Gratitude For The “No-Toothache”

Thich Nhat Hanh writes about our human tendency to notice that which pains us and to not notice the absence of those same troubles. We complain bitterly about the toothache, but do not notice or give thanks for the “no-toothache,” for the days when the tooth does not hurt and so does not capture our attention.

Tonight, at this moment, my loved ones are safe and well. Tonight, I am also safe at my computer, closing out my thoughts for the day, my body and my life far removed from Connecticut. I feel dismay and sadness over this senseless killing, over the loss of these young lives and the lives of the adults who dedicated themselves to the education of children and the betterment of the human spirit. But my feelings are abstract, full with compassion, yet safely distant from this event. I am not a parent burying my child. I am not a husband whose wife will never return home from work, or a child whose mother will never again walk through my front door. My body has not been slammed into an entirely new existence containing only pain and horror. My memory does not rewind and replay the terror of those moments when life was stolen from so many innocents, young and old.

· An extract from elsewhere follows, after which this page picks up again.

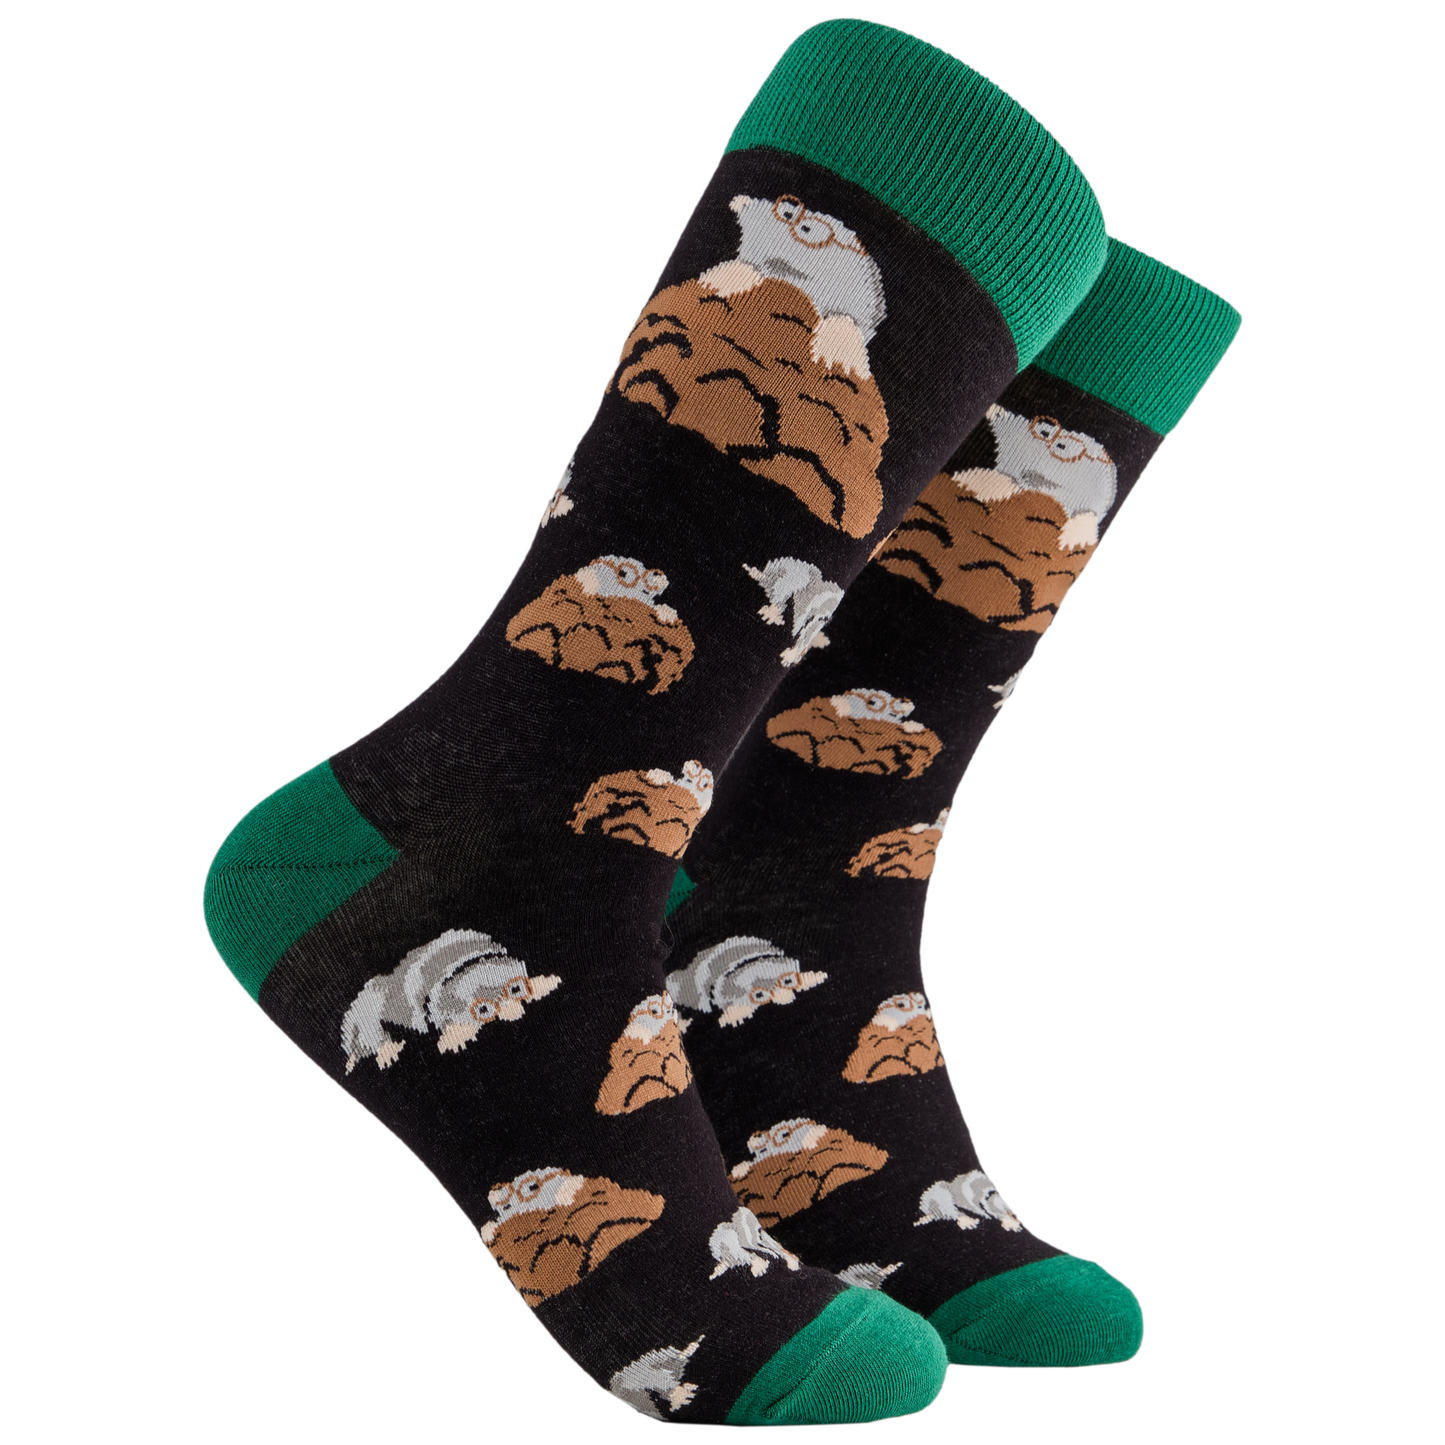 Mole Socks. A pair of socks depicting adorable moles digging. Black legs, green cuff, heel and toe.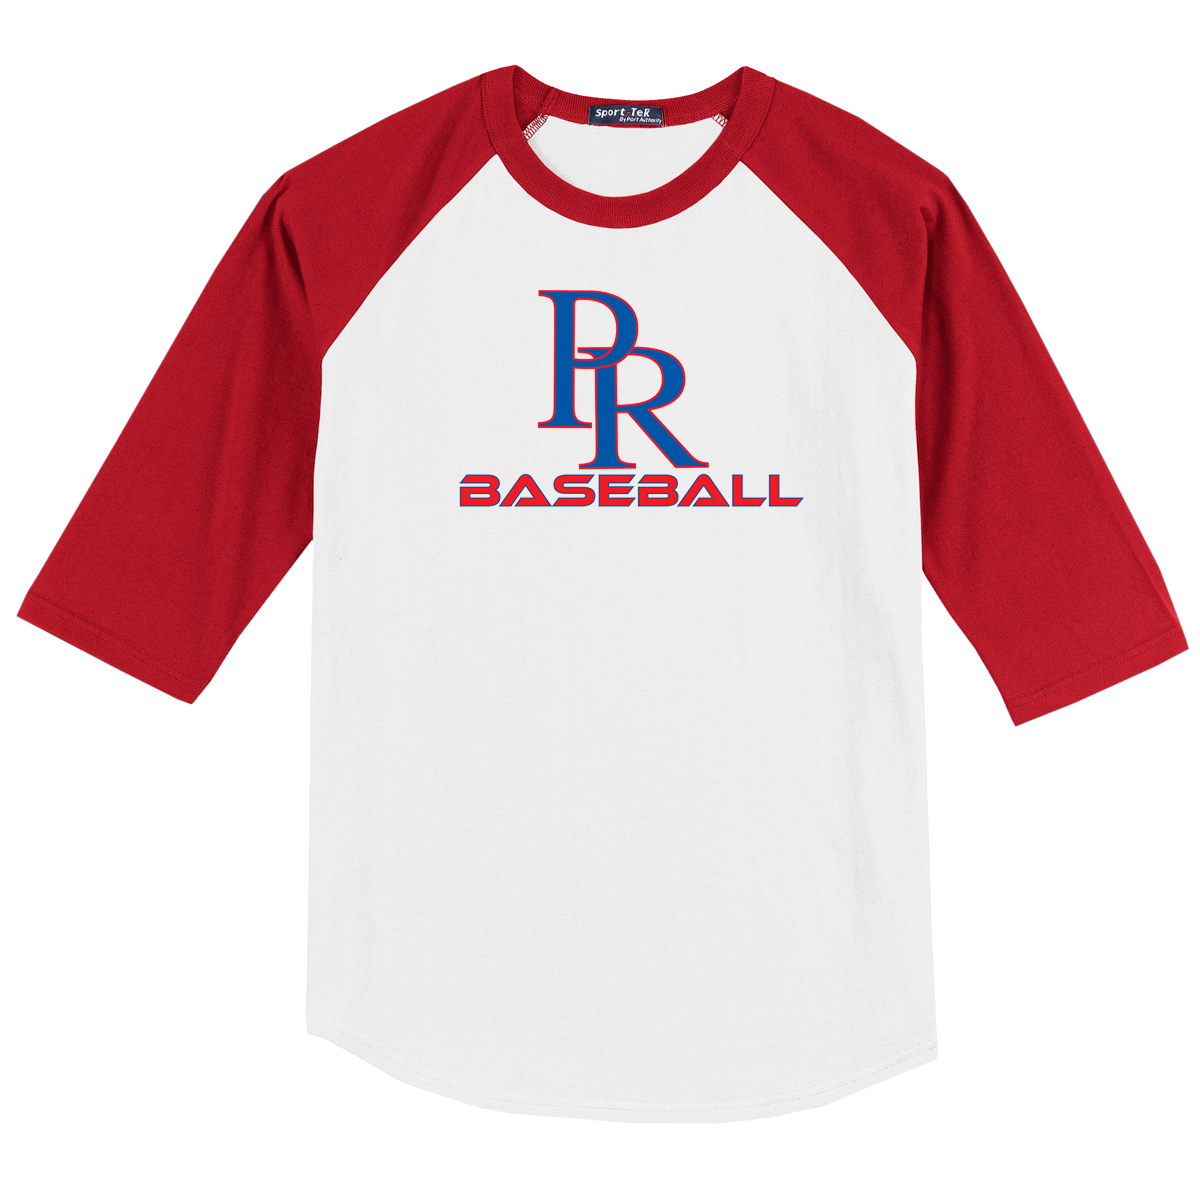 PR Baseball 3/4 Sleeve Baseball Shirt

Tonight I notice the no-heartbreak and give thanks.


13 thoughts on “Gratitude For The “No-Toothache”

  1. Well spoken, Janet! There’s so much horror in the world, we can’t (and shouldn’t) ignore it, but we should also remember to celebrate and appreciate all the good things. I still insist (as in my blog’s header) that the world is a beautiful place. An unimaginable, terrible tragedy.. but also millions of people everywhere who come together and share a prayer for those who lost a loved one.


    1. I believe we must never let those who would inflict horror and terror destroy our appreciation of the world’s beauty, or our willingness to still love the world and others with an open heart. Otherwise, they win. Thank you so much for leaving your comment. I appreciate the support of this community of readers and bloggers.


    1. Yes – today I live in delight for the ordinary. A walk with my dog, a phone call with a friend. . . nothing “special,” yet these are the small miracles that fill my heart.


  2. Well said. Being a teacher, I felt the pain of Newtown quite deeply. At the same time, I was thankful to walk into my classroom on Monday morning because I knew I would see all of my students again – safe and sound.


    1. I imagine that as a teacher you could imagine the setting and the situation with greater detail. This event helps us notice, appreciate, and give thanks for our ordinary days, where we get to do the things we usually do without our honed attention. Sadly, more and more a day without hearing about or experiencing terror becomes something to be grateful for.